L’une connaît la chaîne du livre, les auteurs, la rédaction, les droits, la traduction, la fabrication et les logiques de catalogue. L’autre connaît l’écriture audiovisuelle, la préparation, la production, le tournage, la postproduction et les contraintes de diffusion. Et parce que les deux appartiennent au même environnement, elles peuvent intervenir non pas successivement, mais en continuité.
Cette transversalité existe concrètement dans les projets présentés par le groupe. Otago cite par exemple un accompagnement des Éditions 4trainer mêlant traduction, coordination éditoriale et fabrication, photographie, création de contenus et films promotionnels. Son département audiovisuel revendique explicitement sa collaboration avec l’activité édition pour maîtriser différentes formes de narration visuelle.
C’est sans doute là que réside l’un des actifs les plus singuliers d’Otago : la capacité à penser un contenu avant de penser son support.

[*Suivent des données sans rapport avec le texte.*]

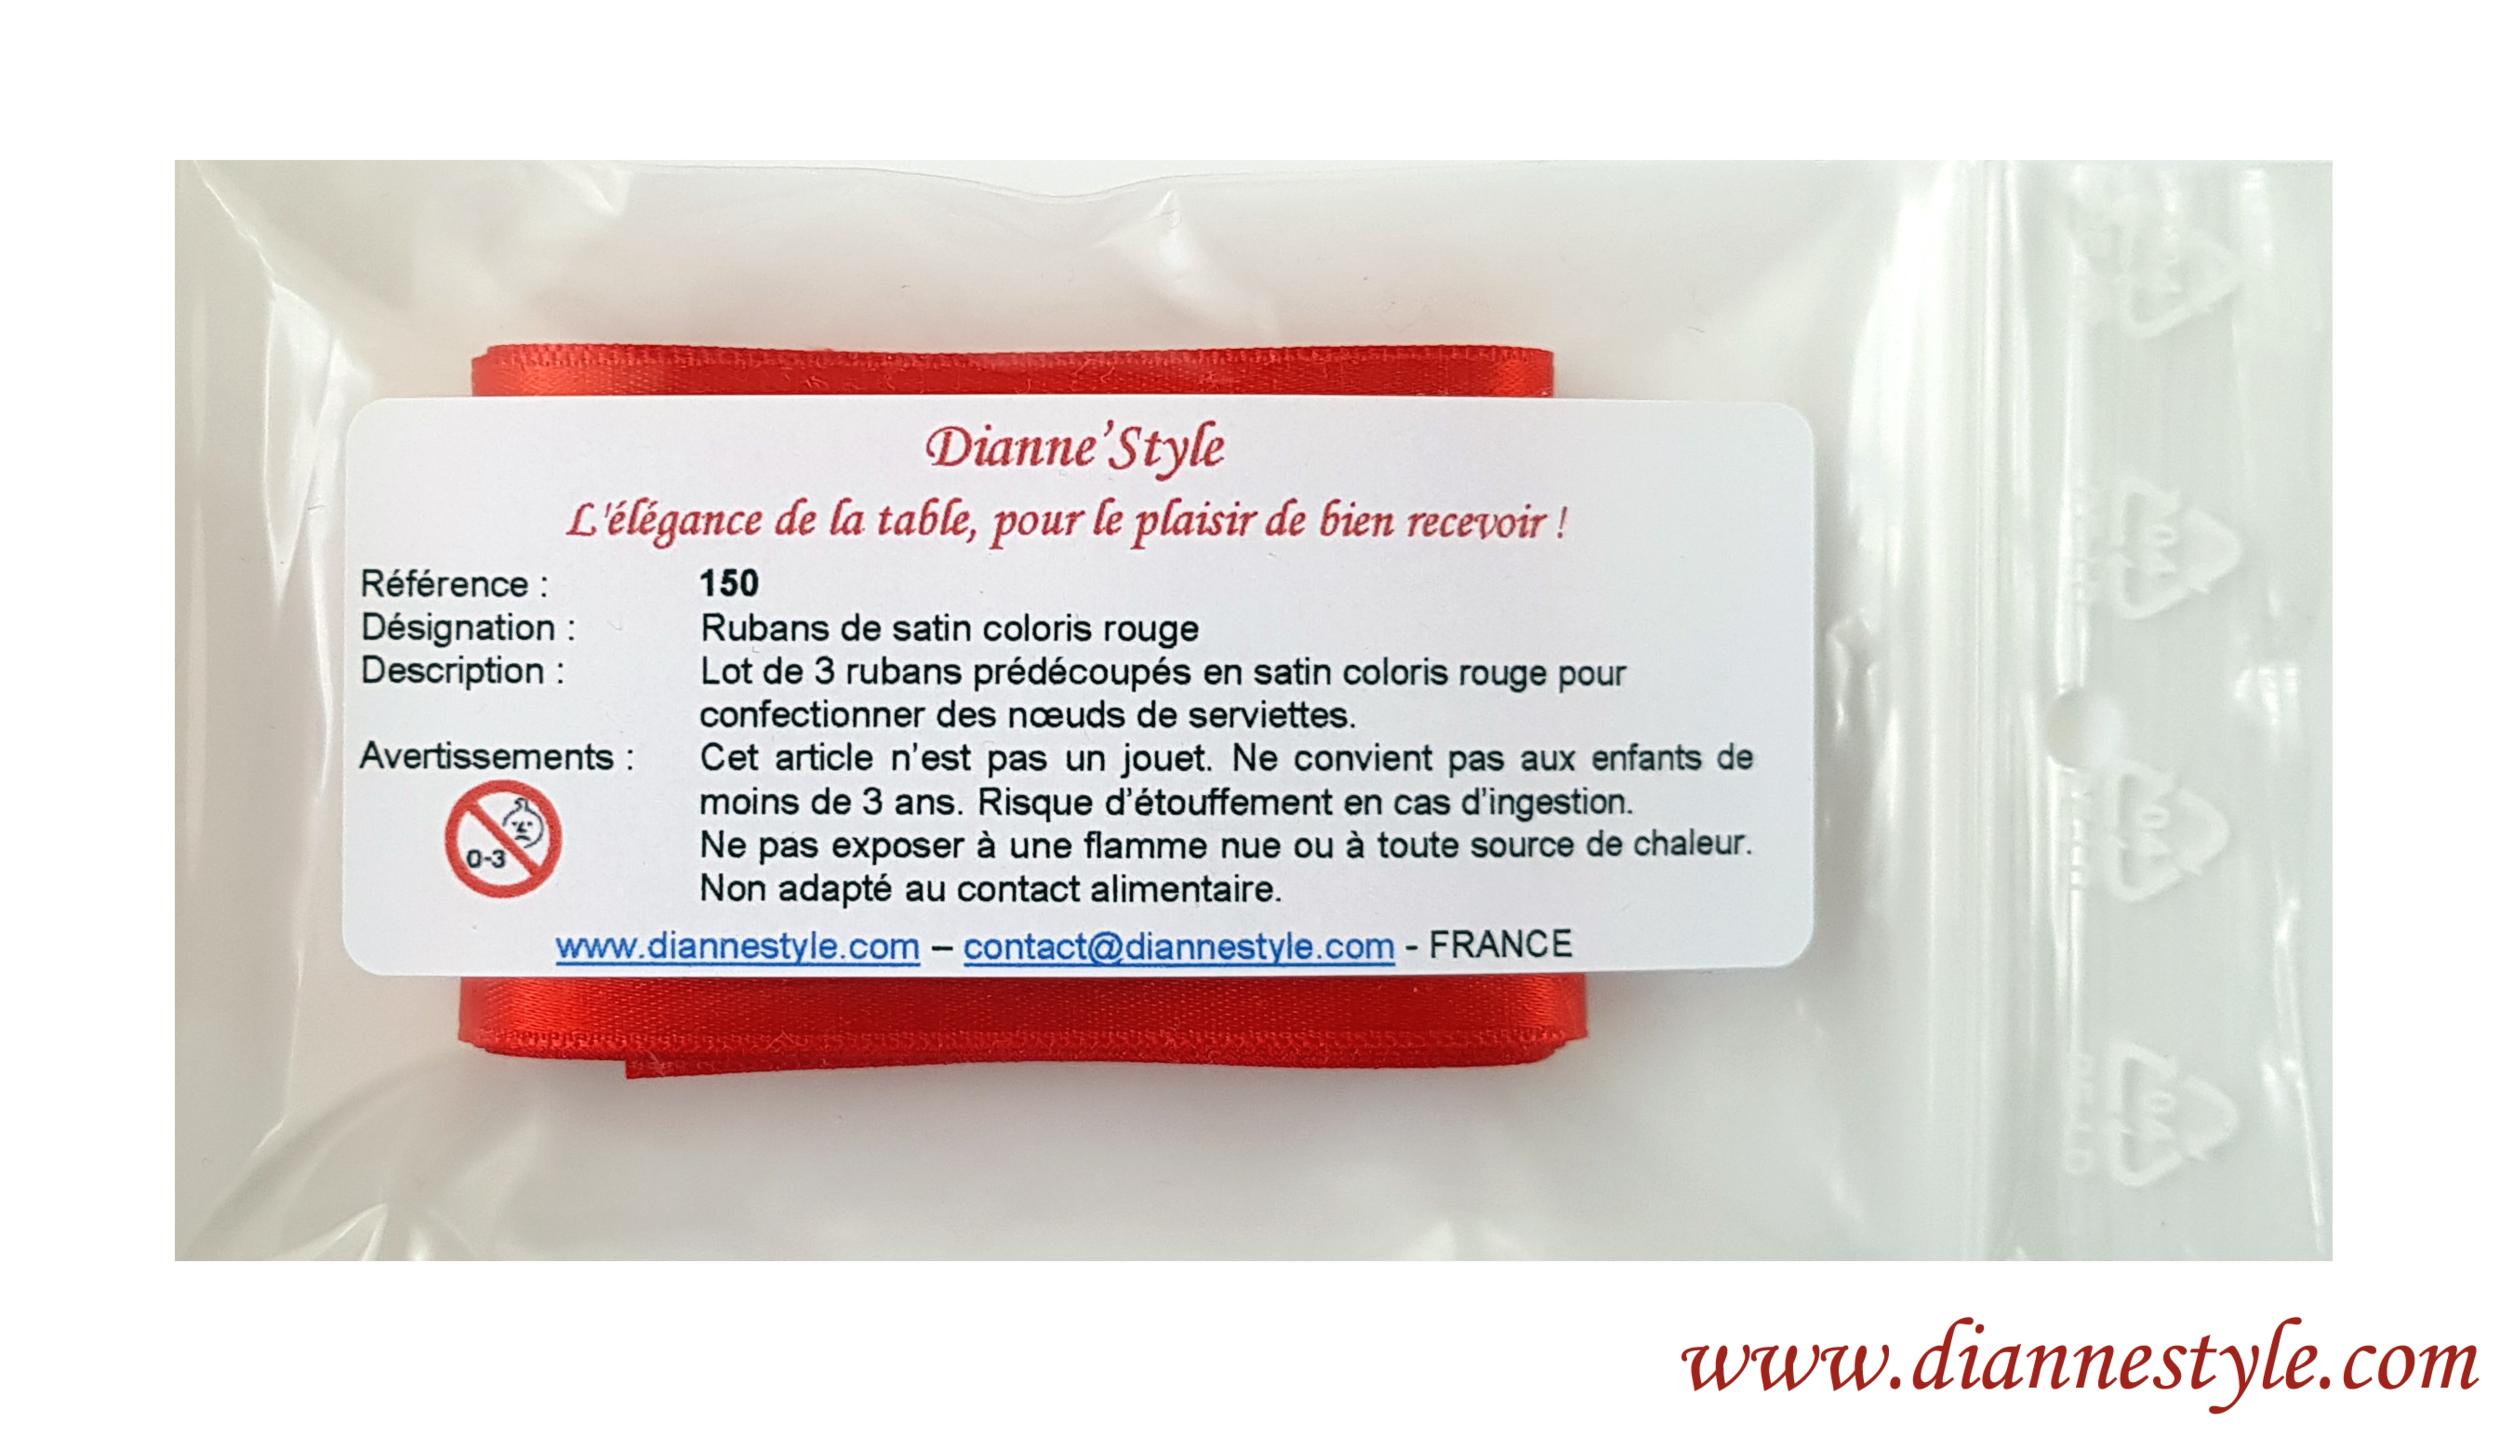 Rubans de satin pour confection de nœuds de serviettes. Coloris rouge. Réf. 150

Le livre n’est pas nécessairement le point d’arrivée. Le film non plus. Ce qui compte d’abord est l’histoire, le savoir ou le patrimoine que l’on souhaite transmettre ; viennent ensuite le choix du format, l’architecture des contenus, les modalités de production et les canaux de diffusion.

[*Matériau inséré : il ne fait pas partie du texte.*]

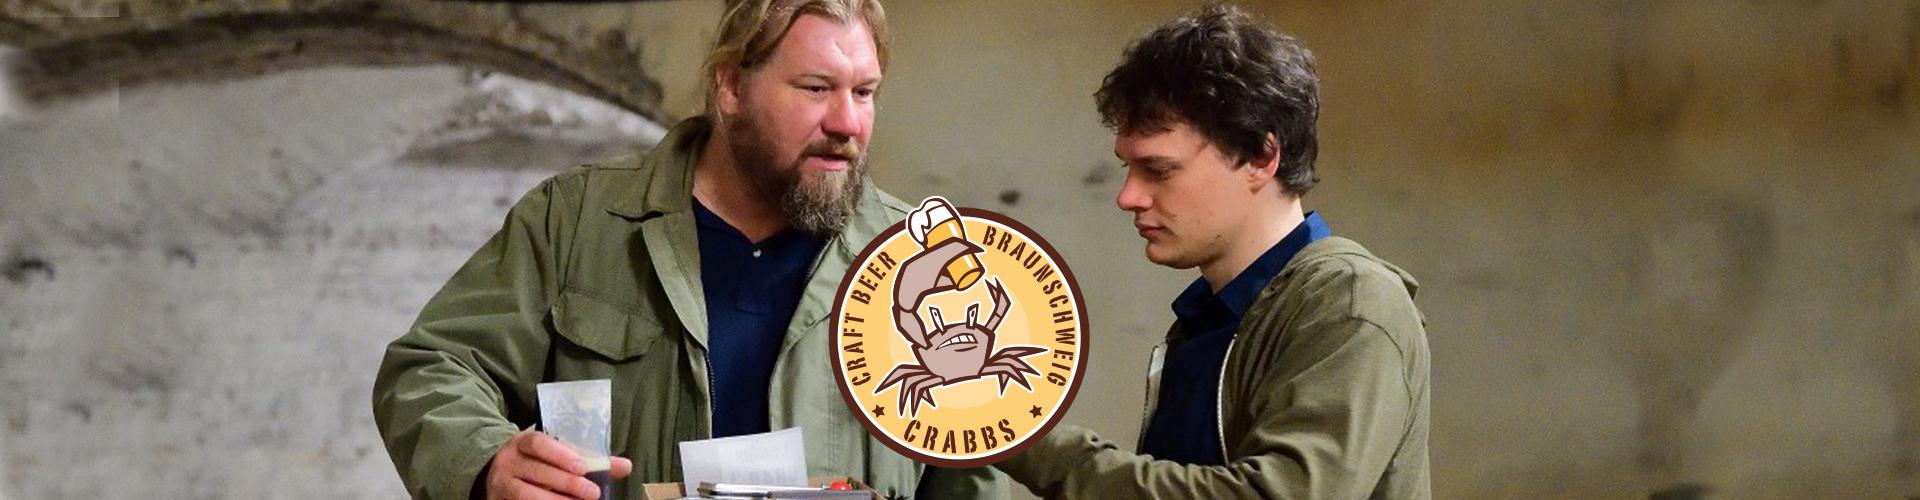 brauerei crabbs - Brauereiführung

UNE STRUCTURE À TAILLE HUMAINE, MAIS CONFRONTÉE AUX EXIGENCES DES GRANDS ACTEURS
Otago n’a jamais cherché à construire sa crédibilité par la taille. Elle se construit par la nature des projets auxquels le groupe se confronte et par le niveau d’exigence nécessaire pour les mener.
Travailler avec des chaînes de télévision, des auteurs, des éditeurs, des groupes privés ou des acteurs publics impose des disciplines très concrètes : maîtrise des droits, engagements contractuels, budgets, calendrier de fabrication, sécurité des productions, qualité technique des livrables, continuité éditoriale, responsabilité des équipes et capacité à rendre compte.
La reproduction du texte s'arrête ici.